Capítulo veinte
Los dedos de Hayley pasaban temblorosos por casi todos los objetos del escritorio. Sabía que tenía poco tiempo antes de que Equis abriera la puerta. Había comenzado a sudar mientras examinaba con prisa los papeles de una carpeta. La cerró sabiendo que no contendría nada de lo que buscaba. Repasó el fichero, pero tampoco encontró nada. A decir verdad, no sabía qué exactamente estaba buscando. Solo quería encontrar algo. Y su tiempo se acababa.
Se agachó para revisar en los cajones del escritorio. Le desanimó descubrir que estaban cerrados con llave, aunque no esperaba menos. Soltó un suspiro y, frustrada, golpeó su cabeza contra la mesa. El monitor de la computadora se encendió, tal como lo hicieron después sus ojos. La pantalla de inicio mostraba el usuario de Equis y pedía una contraseña. Hayley pensó por un momento y luego decidió intentar con los datos que estaban escritos en una pequeña tarjetita, manchada de café y garabateada por todos lados, que estaba pegada a la pared.
User: mi nombre
Password: Ash1711!
—No puedes ser tan imbécil, Equis —susurró para sí misma.
Copió la información y oprimió continuar. Por unos segundos, la computadora pareció haberse congelado. Hayley temió que saltaran las alarmas de seguridad. Poco después, fruncía el ceño y negaba con la cabeza al descubrir que sí, Equis podía ser tan descuidado.
Frente a ella tenía el menú de la base de datos. Era el mismo que había visto alguna que otra vez, pero estaba segura de que, desde el perfil de Equis, tendría acceso a muchos más lugares. Localizó con la mirada una memoria USB en el portalápices y no dudó en tomarlo. Mientras lo introducía recordó la vez en que Equis se había burlado de ella por no saber usar una computadora ni haber visto jamás un USB. Sin perder tiempo, tipeó en el buscador el nombre de Glorianna Reyes.

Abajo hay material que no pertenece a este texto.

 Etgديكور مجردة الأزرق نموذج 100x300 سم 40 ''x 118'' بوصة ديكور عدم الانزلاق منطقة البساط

Un sinfín de carpetas se desplegaron. Sus ojos escanearon a toda velocidad la pantalla. Hayley estaba muy nerviosa y su pie golpeteaba con rapidez el suelo. Comenzó a escuchar que se acercaban por el pasillo. Se dirigió a las carpetas más antiguas y ordenó que se copiaran en la memoria USB. La barra verde comenzó a llenarse con menos rapidez de la que Hayley hubiera querido. Maldijo cuando reconoció la voz de Equis gritando según se aproximaba. Cerró el menú y apagó el monitor.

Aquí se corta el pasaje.